Top of Provided material

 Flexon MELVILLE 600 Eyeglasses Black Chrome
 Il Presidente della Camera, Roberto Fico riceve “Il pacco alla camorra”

Bottom of Provided material
Top of Provided material

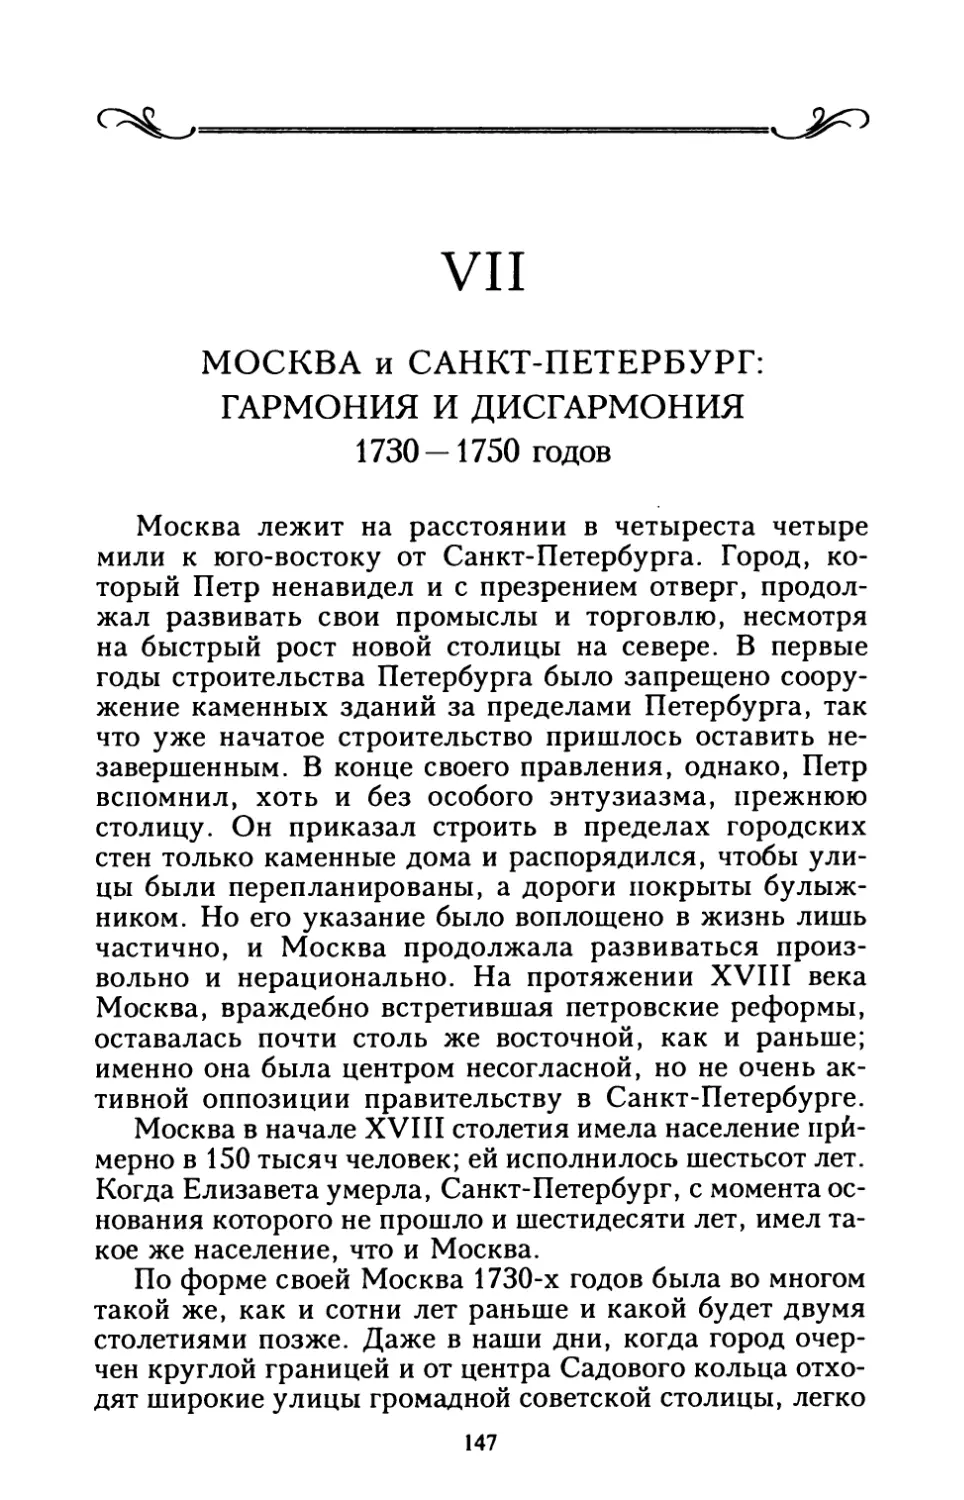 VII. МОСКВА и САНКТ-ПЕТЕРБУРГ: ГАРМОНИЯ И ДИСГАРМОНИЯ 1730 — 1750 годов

Bottom of Provided material

After locating the line with "Flexon MELVILLE 600 Eyeglasses Black Chrome" above, return that line and every later line through the one with "Il Presidente della", word for word and with nothing else.

● **Reply to the task**:
 Flexon MELVILLE 600 Eyeglasses Black Chrome
 Il Presidente della Camera, Roberto Fico riceve “Il pacco alla camorra”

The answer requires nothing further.